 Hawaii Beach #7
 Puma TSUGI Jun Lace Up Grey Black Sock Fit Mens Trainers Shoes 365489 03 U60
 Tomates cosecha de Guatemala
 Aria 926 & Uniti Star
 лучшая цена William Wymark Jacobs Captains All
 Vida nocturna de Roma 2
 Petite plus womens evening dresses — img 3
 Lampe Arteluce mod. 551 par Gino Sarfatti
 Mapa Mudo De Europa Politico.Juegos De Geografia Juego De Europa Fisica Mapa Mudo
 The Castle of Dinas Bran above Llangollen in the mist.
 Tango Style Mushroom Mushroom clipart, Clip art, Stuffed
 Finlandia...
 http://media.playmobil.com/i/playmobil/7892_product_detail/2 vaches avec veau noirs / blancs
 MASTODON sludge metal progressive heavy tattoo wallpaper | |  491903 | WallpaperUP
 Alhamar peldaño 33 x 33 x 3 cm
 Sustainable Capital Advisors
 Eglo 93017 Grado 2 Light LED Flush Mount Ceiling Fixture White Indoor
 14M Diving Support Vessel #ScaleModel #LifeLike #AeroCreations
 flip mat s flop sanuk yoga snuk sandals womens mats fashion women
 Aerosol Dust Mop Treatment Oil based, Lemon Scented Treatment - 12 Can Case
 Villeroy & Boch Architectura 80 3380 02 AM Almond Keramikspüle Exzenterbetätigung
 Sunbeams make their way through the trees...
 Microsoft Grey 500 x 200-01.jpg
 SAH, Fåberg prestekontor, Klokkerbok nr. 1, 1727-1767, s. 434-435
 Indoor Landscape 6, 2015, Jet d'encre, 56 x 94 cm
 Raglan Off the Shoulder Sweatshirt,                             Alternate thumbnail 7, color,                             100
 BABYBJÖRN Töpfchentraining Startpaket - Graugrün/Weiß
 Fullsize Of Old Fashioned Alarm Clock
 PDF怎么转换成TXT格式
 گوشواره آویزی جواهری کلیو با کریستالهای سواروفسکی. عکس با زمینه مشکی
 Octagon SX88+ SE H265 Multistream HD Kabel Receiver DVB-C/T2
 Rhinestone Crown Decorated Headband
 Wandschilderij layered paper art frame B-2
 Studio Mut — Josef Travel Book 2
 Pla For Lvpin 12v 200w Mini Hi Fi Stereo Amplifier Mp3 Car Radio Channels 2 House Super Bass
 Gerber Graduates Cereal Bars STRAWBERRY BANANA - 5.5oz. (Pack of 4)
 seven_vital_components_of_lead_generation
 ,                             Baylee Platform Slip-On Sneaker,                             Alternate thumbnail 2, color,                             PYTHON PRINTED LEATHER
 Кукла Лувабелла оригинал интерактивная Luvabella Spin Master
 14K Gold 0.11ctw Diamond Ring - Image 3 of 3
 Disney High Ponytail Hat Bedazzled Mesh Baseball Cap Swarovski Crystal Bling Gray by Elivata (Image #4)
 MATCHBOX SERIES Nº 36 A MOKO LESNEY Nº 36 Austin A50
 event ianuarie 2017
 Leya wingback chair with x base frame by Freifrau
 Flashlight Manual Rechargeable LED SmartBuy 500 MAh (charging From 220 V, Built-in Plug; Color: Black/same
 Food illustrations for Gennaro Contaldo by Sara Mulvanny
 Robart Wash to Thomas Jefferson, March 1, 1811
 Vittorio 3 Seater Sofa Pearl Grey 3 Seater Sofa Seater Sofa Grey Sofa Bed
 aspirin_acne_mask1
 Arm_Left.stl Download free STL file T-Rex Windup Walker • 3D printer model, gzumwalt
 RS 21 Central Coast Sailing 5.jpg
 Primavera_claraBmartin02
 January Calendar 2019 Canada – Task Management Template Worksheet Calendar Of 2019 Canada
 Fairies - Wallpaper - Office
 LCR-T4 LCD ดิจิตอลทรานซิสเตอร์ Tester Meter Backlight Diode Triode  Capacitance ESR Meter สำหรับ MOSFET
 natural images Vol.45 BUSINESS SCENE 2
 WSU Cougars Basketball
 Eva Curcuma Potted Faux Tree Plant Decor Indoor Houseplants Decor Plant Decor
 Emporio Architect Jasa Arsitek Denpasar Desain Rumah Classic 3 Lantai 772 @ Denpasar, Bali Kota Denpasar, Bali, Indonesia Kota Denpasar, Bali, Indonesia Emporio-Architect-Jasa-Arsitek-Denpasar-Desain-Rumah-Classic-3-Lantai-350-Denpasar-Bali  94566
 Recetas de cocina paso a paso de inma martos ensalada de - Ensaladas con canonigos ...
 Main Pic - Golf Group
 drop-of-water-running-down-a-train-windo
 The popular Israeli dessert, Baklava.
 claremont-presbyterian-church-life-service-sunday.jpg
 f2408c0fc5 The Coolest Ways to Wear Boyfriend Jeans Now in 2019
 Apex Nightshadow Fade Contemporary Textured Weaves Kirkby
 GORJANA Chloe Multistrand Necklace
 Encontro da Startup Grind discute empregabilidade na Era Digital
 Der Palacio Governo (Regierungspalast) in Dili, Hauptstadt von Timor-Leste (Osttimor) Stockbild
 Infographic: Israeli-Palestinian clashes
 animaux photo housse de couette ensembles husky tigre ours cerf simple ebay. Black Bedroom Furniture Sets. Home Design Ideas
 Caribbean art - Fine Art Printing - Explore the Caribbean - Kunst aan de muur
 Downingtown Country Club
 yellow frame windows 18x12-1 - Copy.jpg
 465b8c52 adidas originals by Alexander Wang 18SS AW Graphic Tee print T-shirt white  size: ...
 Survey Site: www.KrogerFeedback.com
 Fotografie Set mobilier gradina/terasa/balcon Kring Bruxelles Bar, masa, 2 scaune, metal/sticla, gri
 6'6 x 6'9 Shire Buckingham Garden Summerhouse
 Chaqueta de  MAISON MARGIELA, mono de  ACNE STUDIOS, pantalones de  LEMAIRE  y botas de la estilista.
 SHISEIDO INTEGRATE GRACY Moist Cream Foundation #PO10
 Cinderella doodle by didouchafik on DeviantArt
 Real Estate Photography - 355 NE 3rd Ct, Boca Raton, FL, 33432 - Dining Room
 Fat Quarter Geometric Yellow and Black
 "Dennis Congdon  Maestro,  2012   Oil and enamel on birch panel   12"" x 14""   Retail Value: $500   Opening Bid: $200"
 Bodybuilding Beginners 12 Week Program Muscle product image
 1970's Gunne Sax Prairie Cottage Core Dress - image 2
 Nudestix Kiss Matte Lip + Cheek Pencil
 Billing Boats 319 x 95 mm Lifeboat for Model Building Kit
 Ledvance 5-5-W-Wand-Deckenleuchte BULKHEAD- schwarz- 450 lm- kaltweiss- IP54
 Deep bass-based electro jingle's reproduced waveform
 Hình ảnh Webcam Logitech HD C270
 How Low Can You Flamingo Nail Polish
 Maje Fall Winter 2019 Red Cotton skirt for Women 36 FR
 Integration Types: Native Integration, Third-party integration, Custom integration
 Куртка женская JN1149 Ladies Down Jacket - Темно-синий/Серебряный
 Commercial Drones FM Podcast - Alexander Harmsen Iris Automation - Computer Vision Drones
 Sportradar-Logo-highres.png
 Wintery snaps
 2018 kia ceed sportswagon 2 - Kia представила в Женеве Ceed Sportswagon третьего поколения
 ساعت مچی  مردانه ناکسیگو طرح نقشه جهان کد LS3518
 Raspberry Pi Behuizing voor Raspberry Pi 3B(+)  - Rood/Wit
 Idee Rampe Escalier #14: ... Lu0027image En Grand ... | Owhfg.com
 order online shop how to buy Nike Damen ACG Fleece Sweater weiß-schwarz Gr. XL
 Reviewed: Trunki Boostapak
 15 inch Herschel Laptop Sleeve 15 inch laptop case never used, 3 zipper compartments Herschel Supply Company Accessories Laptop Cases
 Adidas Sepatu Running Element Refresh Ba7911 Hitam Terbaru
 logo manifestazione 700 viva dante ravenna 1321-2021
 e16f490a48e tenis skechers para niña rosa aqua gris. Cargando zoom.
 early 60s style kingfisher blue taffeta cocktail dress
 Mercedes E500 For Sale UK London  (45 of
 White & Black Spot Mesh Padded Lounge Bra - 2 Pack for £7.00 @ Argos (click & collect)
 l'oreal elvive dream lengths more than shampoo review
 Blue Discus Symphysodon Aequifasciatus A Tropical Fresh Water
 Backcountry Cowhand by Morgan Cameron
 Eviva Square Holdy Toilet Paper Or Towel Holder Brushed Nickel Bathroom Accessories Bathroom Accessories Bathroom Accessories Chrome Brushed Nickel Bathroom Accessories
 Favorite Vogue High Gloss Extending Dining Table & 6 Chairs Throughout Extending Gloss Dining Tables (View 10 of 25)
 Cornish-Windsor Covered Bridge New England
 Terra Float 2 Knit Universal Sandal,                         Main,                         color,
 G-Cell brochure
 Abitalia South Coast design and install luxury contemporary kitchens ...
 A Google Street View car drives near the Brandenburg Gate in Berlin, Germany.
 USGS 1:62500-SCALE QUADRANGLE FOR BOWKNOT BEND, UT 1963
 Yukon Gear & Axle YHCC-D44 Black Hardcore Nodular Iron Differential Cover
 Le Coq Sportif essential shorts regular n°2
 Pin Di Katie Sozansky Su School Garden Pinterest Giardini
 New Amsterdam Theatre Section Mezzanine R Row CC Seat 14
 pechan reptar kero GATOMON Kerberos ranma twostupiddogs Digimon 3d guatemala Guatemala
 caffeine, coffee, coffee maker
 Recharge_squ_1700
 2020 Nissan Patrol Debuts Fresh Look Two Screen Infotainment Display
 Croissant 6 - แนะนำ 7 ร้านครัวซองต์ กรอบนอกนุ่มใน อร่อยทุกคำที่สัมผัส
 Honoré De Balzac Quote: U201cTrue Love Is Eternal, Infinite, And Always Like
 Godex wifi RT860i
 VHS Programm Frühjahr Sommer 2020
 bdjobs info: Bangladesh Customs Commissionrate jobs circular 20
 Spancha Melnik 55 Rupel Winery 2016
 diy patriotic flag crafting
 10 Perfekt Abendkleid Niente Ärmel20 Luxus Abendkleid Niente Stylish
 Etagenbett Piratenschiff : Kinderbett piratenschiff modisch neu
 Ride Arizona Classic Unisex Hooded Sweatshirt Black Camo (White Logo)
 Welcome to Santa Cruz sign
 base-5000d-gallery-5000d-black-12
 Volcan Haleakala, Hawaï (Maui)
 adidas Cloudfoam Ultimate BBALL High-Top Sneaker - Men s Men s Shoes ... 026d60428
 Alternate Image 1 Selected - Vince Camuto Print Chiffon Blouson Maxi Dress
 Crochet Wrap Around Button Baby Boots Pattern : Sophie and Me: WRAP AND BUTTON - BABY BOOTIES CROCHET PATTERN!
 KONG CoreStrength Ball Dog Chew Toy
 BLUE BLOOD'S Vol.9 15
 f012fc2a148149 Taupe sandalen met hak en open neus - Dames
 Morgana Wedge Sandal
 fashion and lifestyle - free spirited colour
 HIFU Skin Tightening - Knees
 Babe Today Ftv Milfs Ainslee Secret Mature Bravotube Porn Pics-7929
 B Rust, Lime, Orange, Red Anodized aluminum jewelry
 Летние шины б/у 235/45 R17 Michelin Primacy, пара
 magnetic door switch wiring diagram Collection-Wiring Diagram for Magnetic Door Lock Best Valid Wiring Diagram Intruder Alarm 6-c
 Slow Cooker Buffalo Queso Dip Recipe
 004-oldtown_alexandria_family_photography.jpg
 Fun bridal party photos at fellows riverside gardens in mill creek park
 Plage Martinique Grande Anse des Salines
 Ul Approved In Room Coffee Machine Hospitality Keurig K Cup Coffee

● ● ● ● ● ● ●

Task item> In the listing above, locate the line containing "A Google Street" and the line containing "VHS Programm Frühjahr Sommer 2020", then transcribe both and every line between them verbatim.

Worked solution>
 A Google Street View car drives near the Brandenburg Gate in Berlin, Germany.
 USGS 1:62500-SCALE QUADRANGLE FOR BOWKNOT BEND, UT 1963
 Yukon Gear & Axle YHCC-D44 Black Hardcore Nodular Iron Differential Cover
 Le Coq Sportif essential shorts regular n°2
 Pin Di Katie Sozansky Su School Garden Pinterest Giardini
 New Amsterdam Theatre Section Mezzanine R Row CC Seat 14
 pechan reptar kero GATOMON Kerberos ranma twostupiddogs Digimon 3d guatemala Guatemala
 caffeine, coffee, coffee maker
 Recharge_squ_1700
 2020 Nissan Patrol Debuts Fresh Look Two Screen Infotainment Display
 Croissant 6 - แนะนำ 7 ร้านครัวซองต์ กรอบนอกนุ่มใน อร่อยทุกคำที่สัมผัส
 Honoré De Balzac Quote: U201cTrue Love Is Eternal, Infinite, And Always Like
 Godex wifi RT860i
 VHS Programm Frühjahr Sommer 2020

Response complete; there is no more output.